EXERCISE AIM: Among the entries below, find the line with "ABC4130LED Front / Rear Cab Light" and the line with "Tshirt templates logos". Return exactly those lines and every line between them, but no pictures.

AVAILABLE RECORDS:
——————————

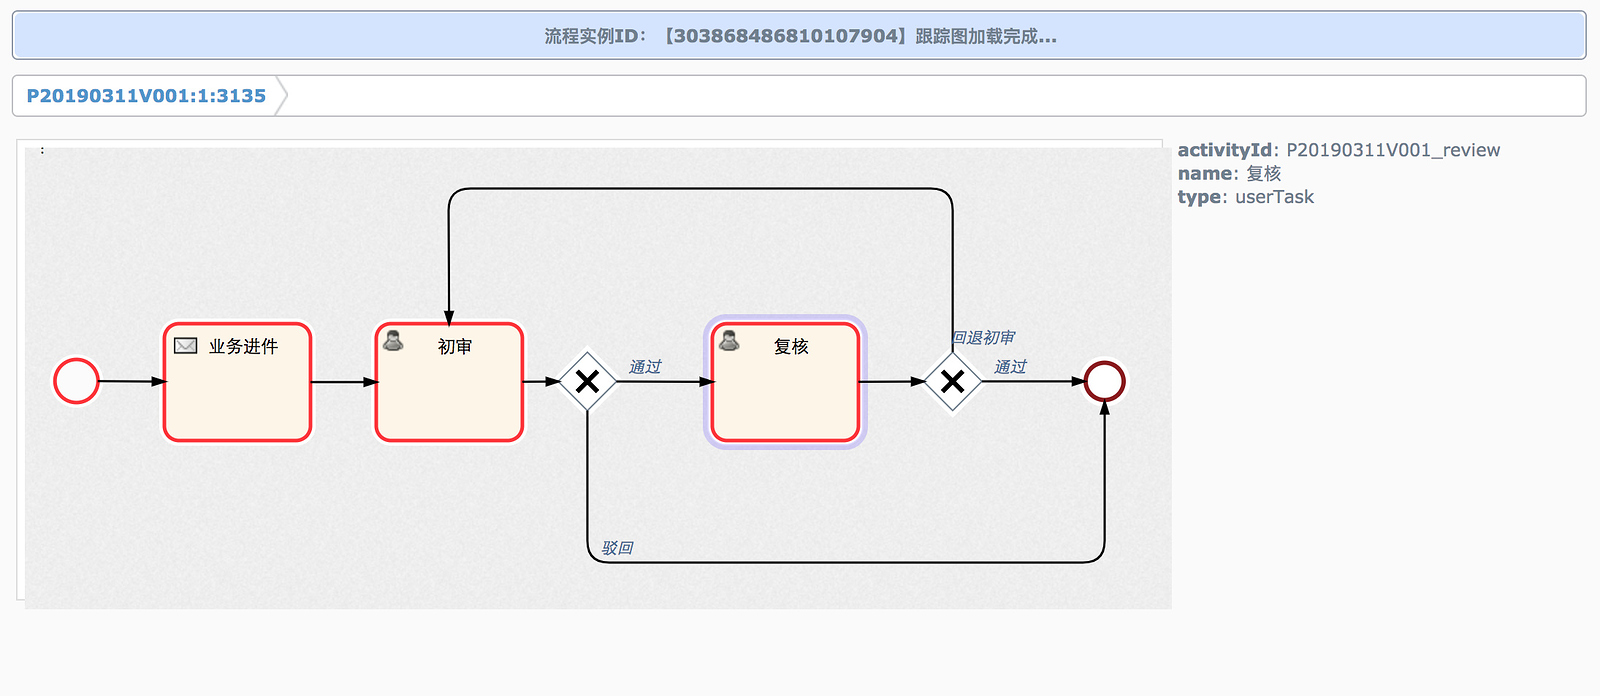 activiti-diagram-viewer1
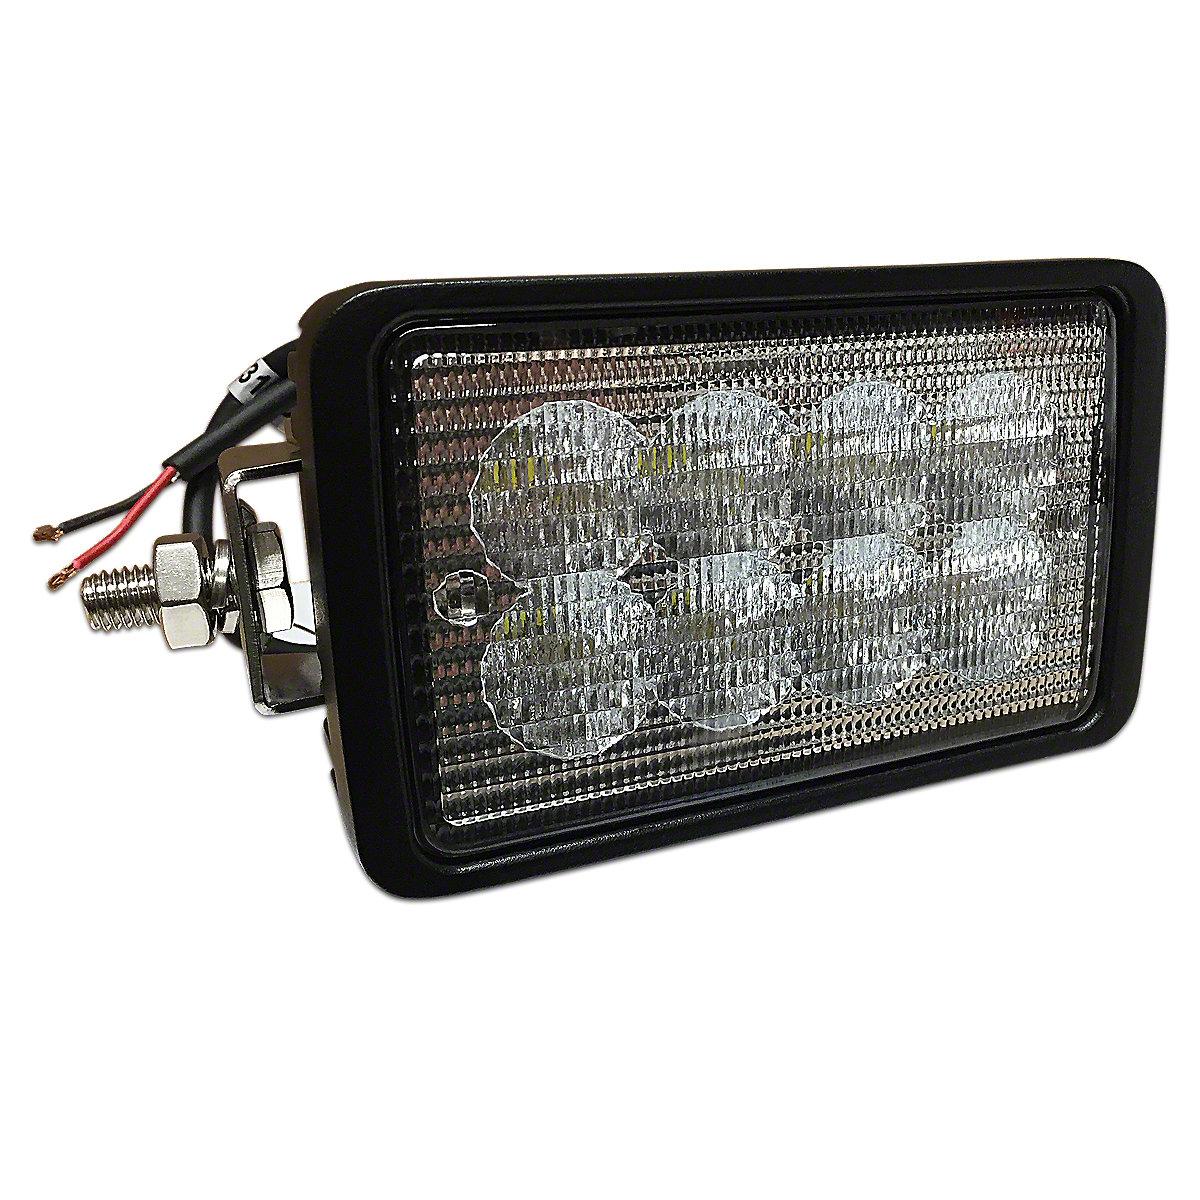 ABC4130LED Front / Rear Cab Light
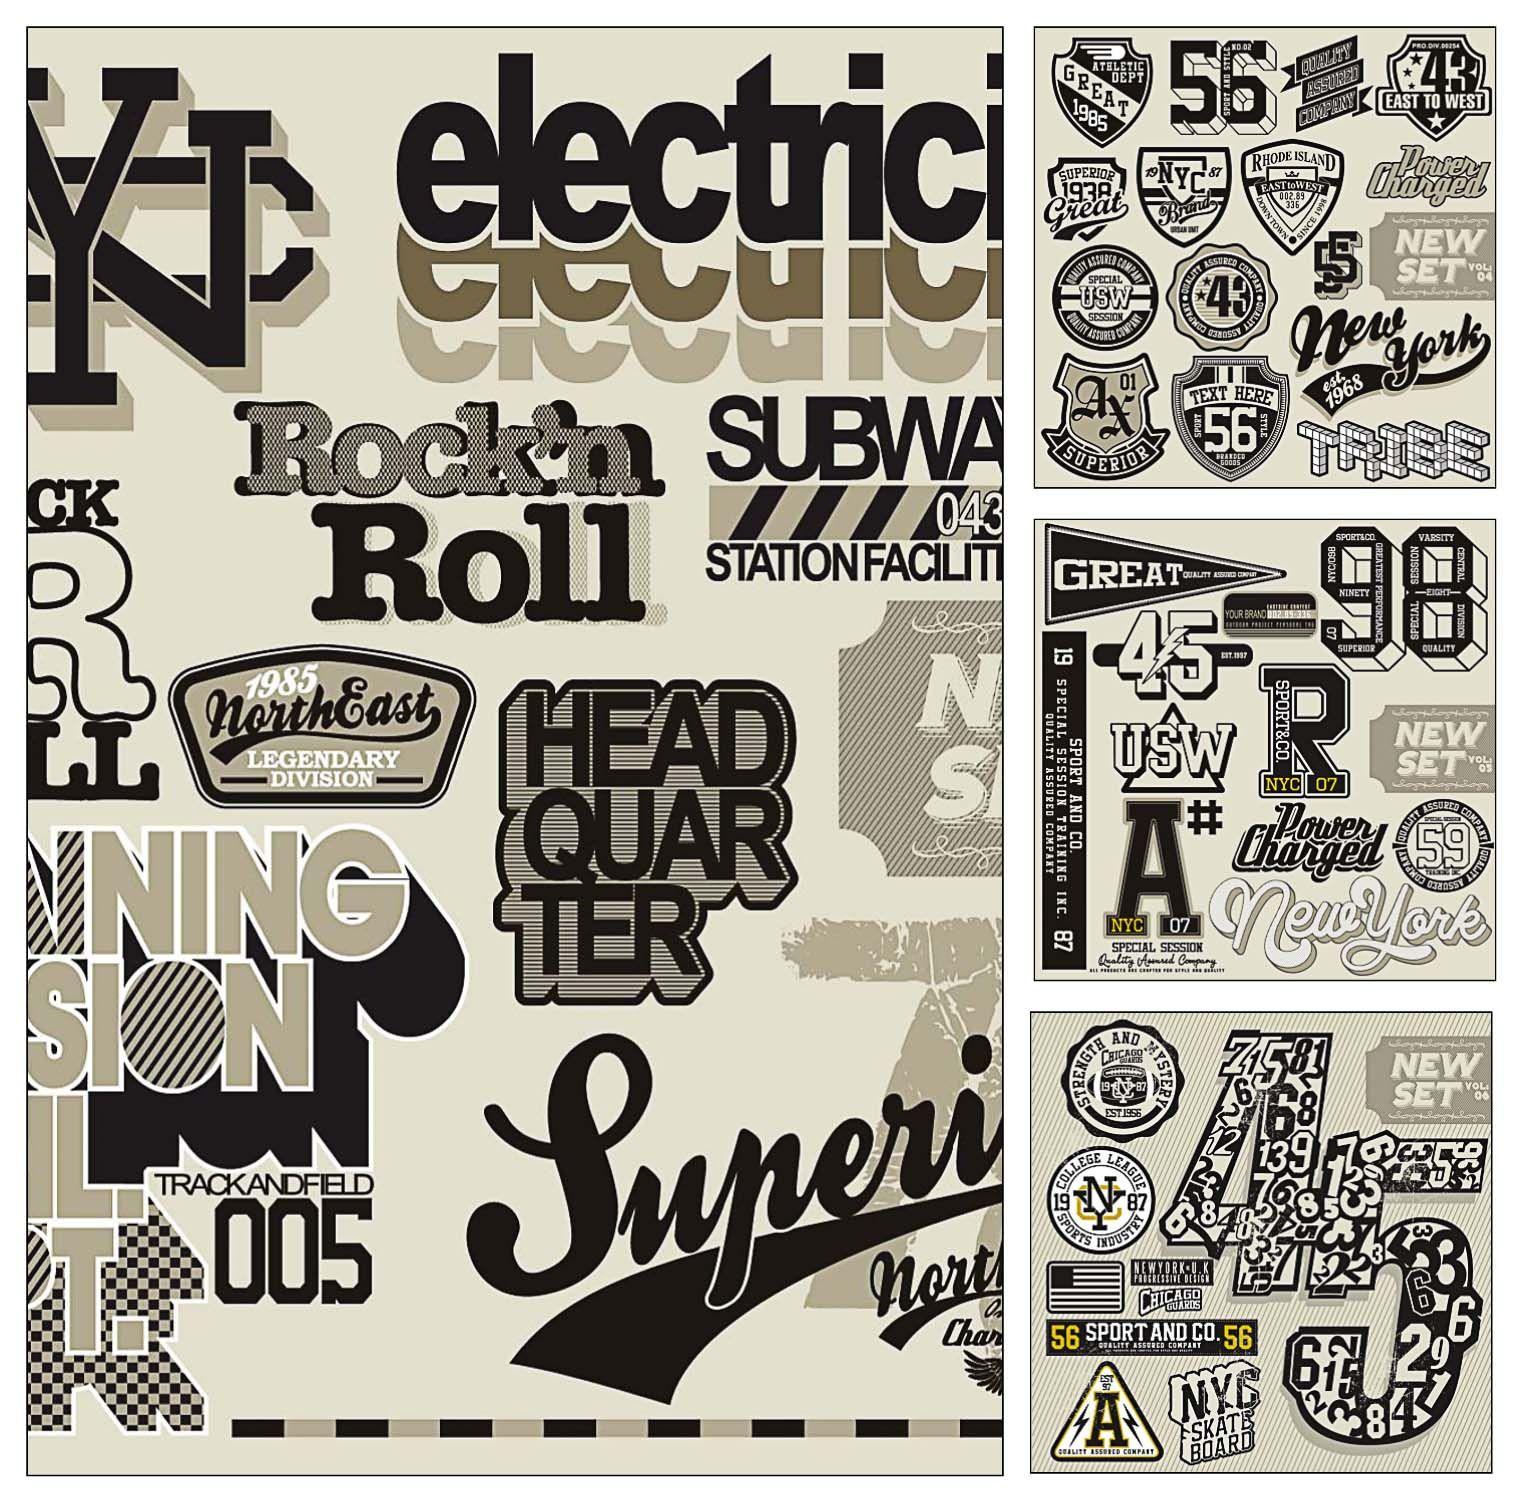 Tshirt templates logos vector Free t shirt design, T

——————————

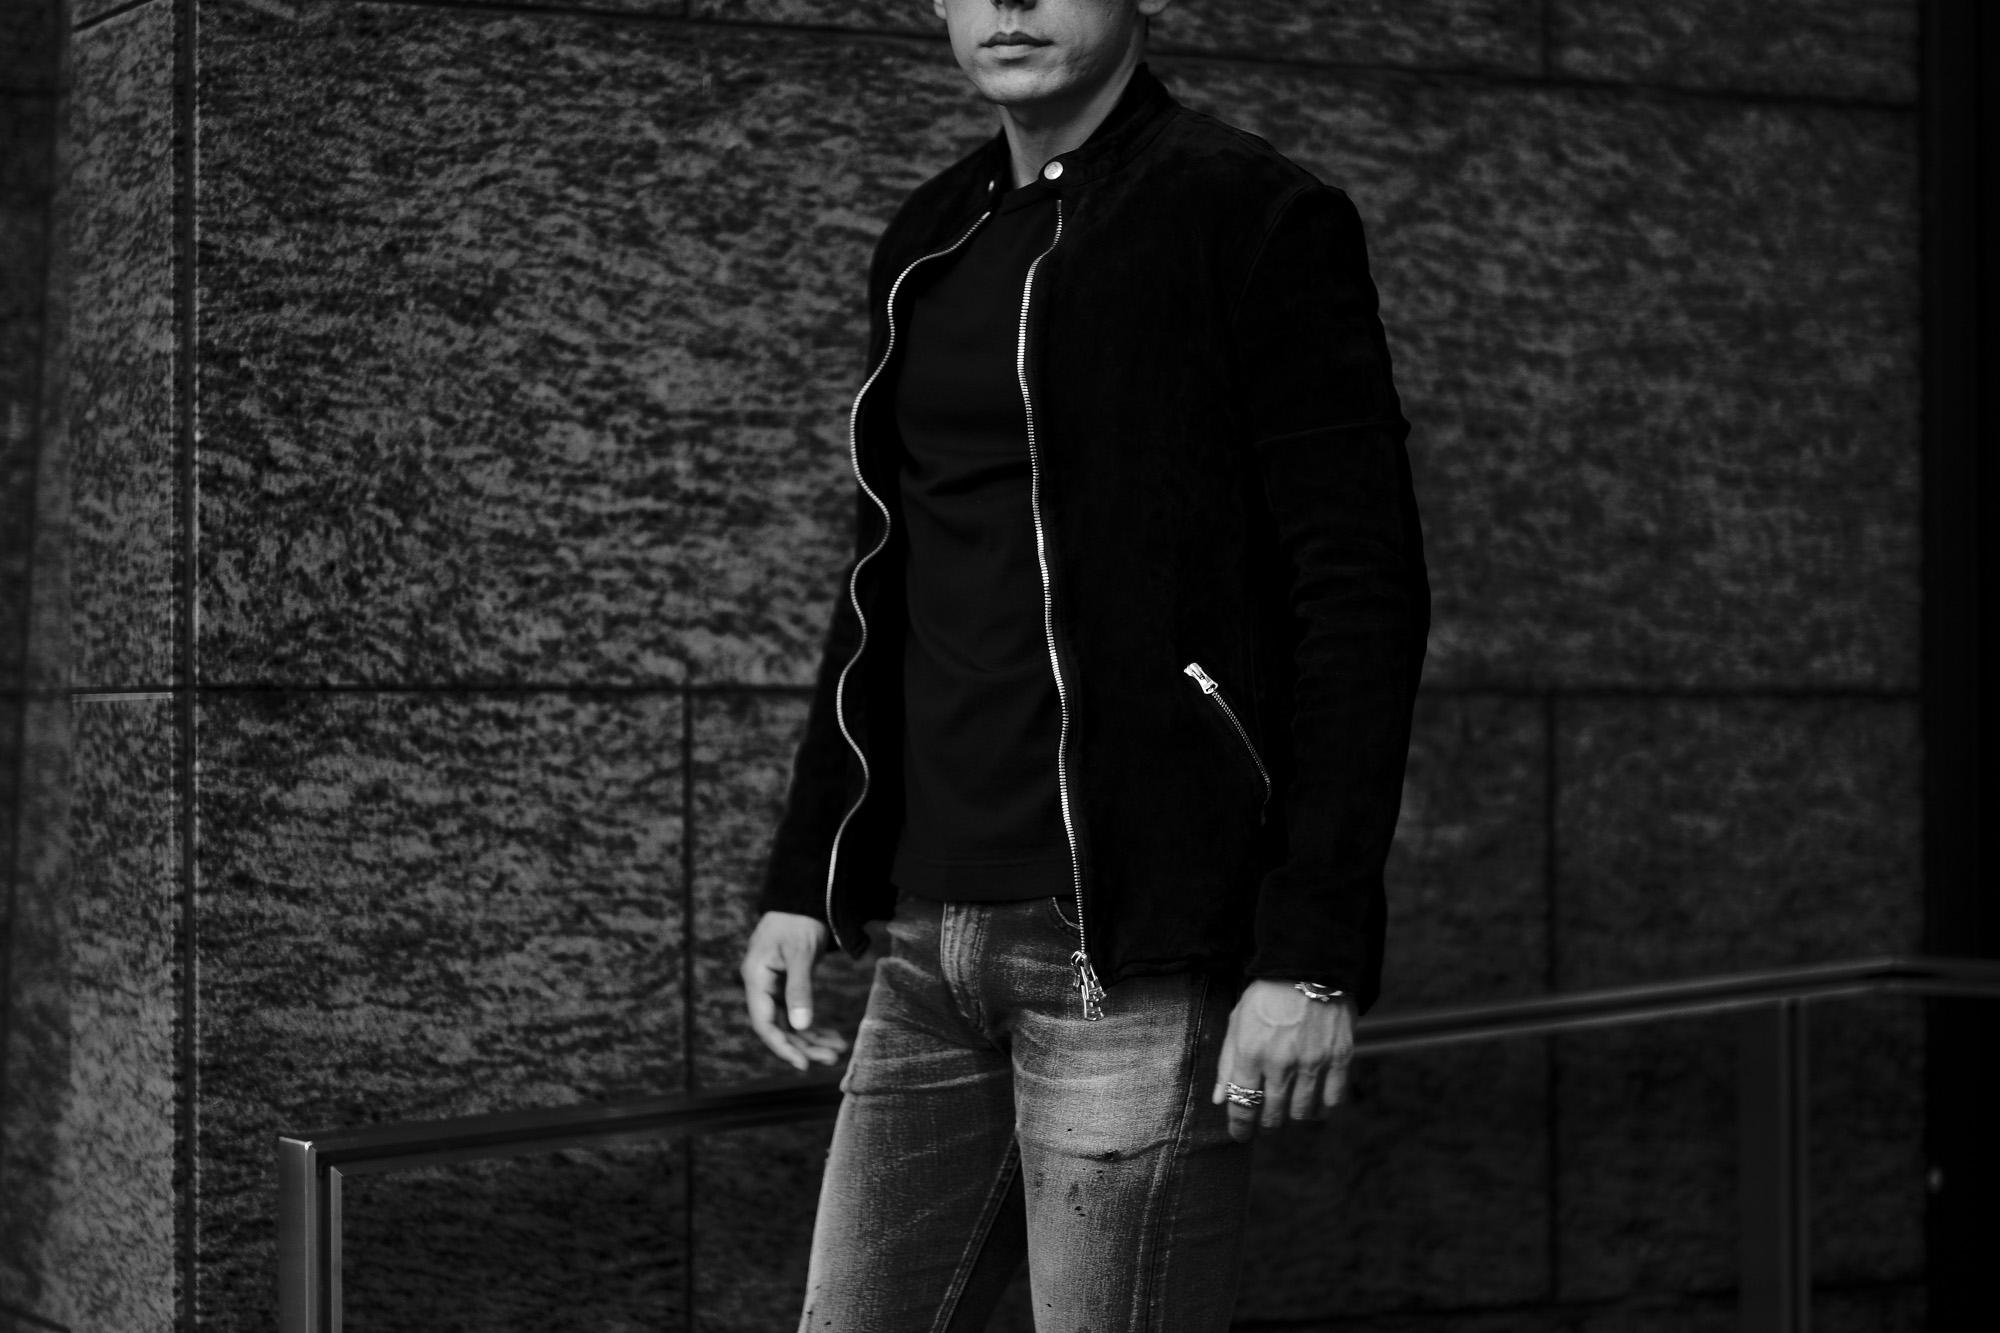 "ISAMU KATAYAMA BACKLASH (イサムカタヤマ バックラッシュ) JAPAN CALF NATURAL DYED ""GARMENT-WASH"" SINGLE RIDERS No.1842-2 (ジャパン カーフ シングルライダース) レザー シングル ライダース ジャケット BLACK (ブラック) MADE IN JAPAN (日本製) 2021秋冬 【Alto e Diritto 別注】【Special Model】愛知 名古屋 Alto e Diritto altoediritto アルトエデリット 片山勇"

——————————

TASK OUTPUT:
 ABC4130LED Front / Rear Cab Light
 Tshirt templates logos vector Free t shirt design, T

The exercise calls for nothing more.